The SCM has (50%) longer run-times in the example with the 60-subject dataset because of the many covariate-relations investigated and if there were fewer the SCM would require less computer power. On the other hand, if running on a large cluster or grid the SCM would still have to run one step after another where as using the LASSO *all* lasso-models could be estimated in parallel (independently of one another) and run-times may be only a fraction of that required by the SCM. Further, the LASSO search for an optimal t could be improved and the cross-validation estimate of prediction error may be enhanced[8].

**Conclusion: **On small- to moderately-sized datasets the current implementation of the LASSO will often produce a covariate model which predicts new data better than the SCM. The LASSO is also faster if many covariate-parameter relations are investigated. If a large cluster or grid is available the procedure could be made much faster than the SCM.

The LASSO does not require the user to make a decision about the p-value for covariate inclusion.

**References: **1. Jonsson, E.N. and M.O. Karlsson,

*Automated covariate model building within NONMEM.*Pharm Res, 1998. 15(9): p. 1463-8.

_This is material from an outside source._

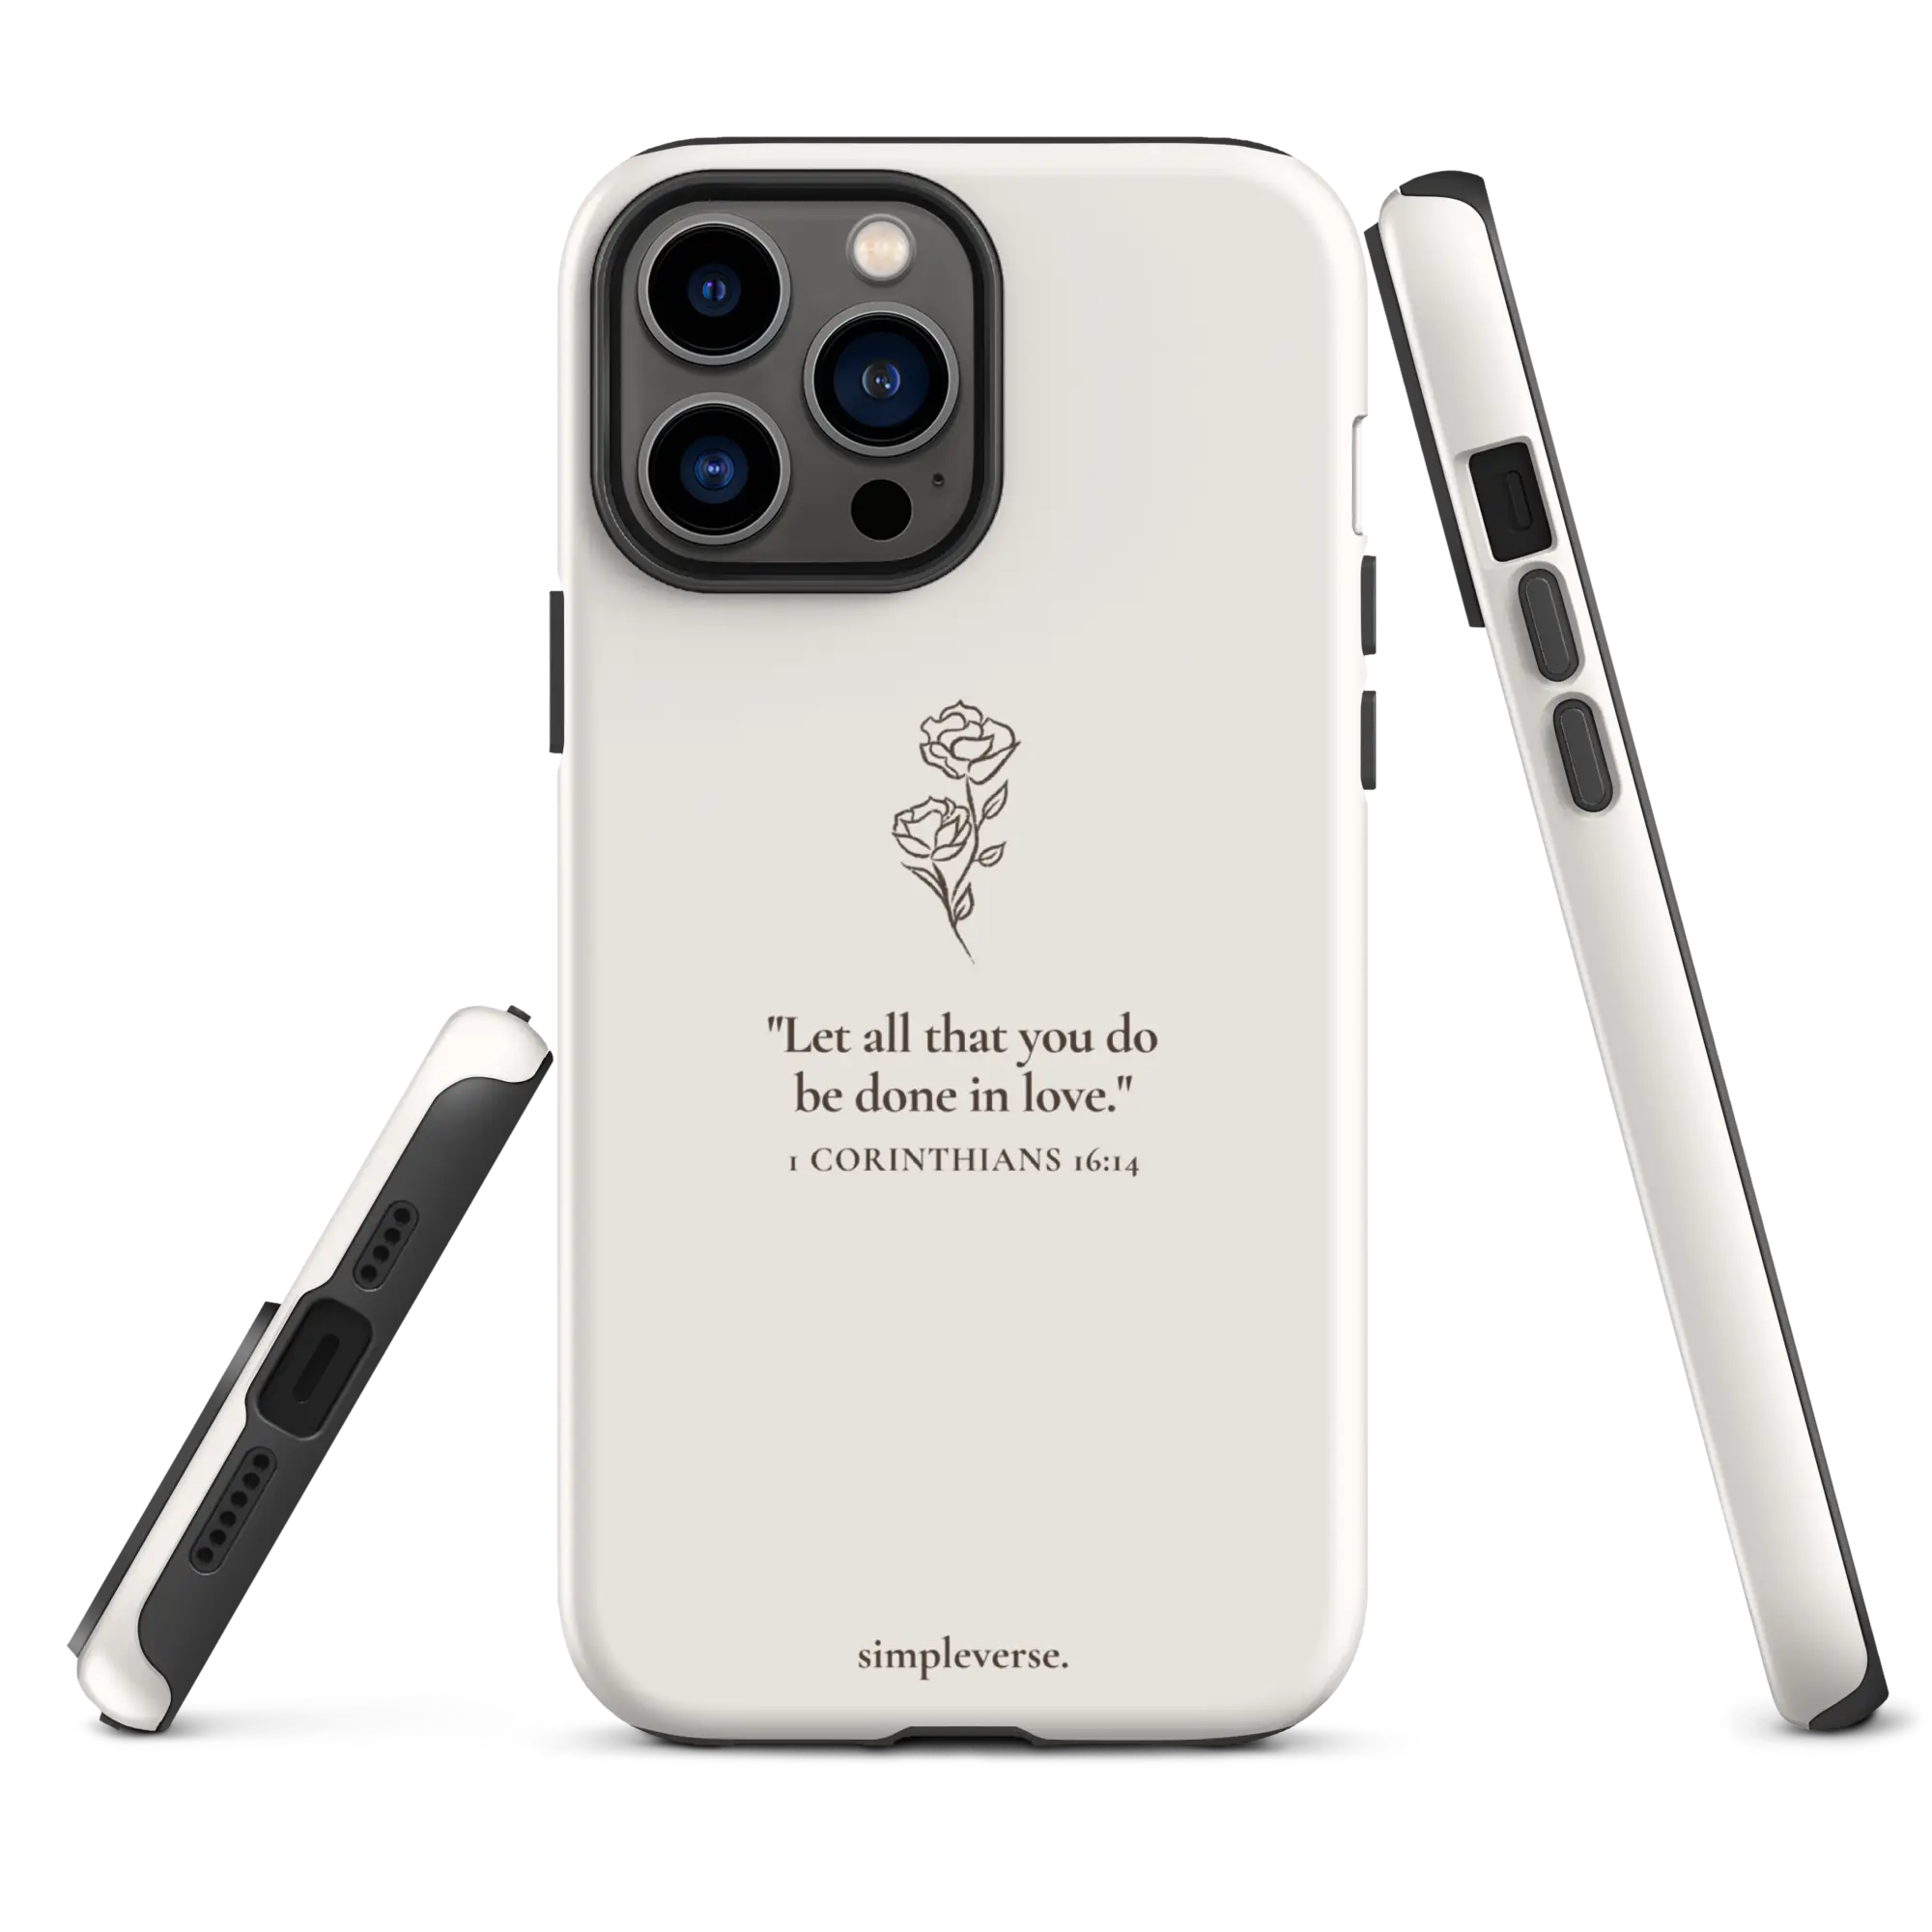 Elegant iPhone case with a rose illustration and '1 Corinthians 16:14' verse, inspiring love in all actions.

2. Ribbing, J. and E.N. Jonsson,

*Power, selection bias and predictive performance of the population pharmacokinetic covariate model.*Journal Of Pharmacokinetics And Pharmacodynamics, 2004. 31(2): p. 109-134.

3. Tibshirani, R.,

*Regression Shrinkage and Selection via the Lasso.*Journal of the Royal Statistical Society. Series B (Methodological), 1996. 58(1): p. 267-288.

4. Hastie, T., R. Tibshirani, and J. Friedman,

*The Elements of Statistical Learning*. 2001: Springer-Verlag.

5. Lindbom, L., P. Pihlgren, and E.N. Jonsson,

*PsN-Toolkit--a collection of computer intensive statistical methods for non-linear mixed effect modeling using NONMEM.*Comput Methods Programs Biomed, 2005. 79(3): p. 241-57.

6. Lindbom, L., J. Ribbing, and E.N. Jonsson,

*Perl-speaks-NONMEM (PsN)--a Perl module for NONMEM related programming.*Comput Methods Programs Biomed, 2004. 75(2): p. 85-94.

7. Zingmark, P.H., et al.,

*Population pharmacokinetics of clomethiazole and its effect on the natural course of sedation in acute stroke patients.*Br J Clin Pharmacol, 2003. 56(2): p. 173-83.

8. Efron, B. and R. Tibshirani,

*Improvements on cross-validation: The.632+ bootstrap method.*Journal Of The American Statistical Association, 1997. 92(438): p. 548-560.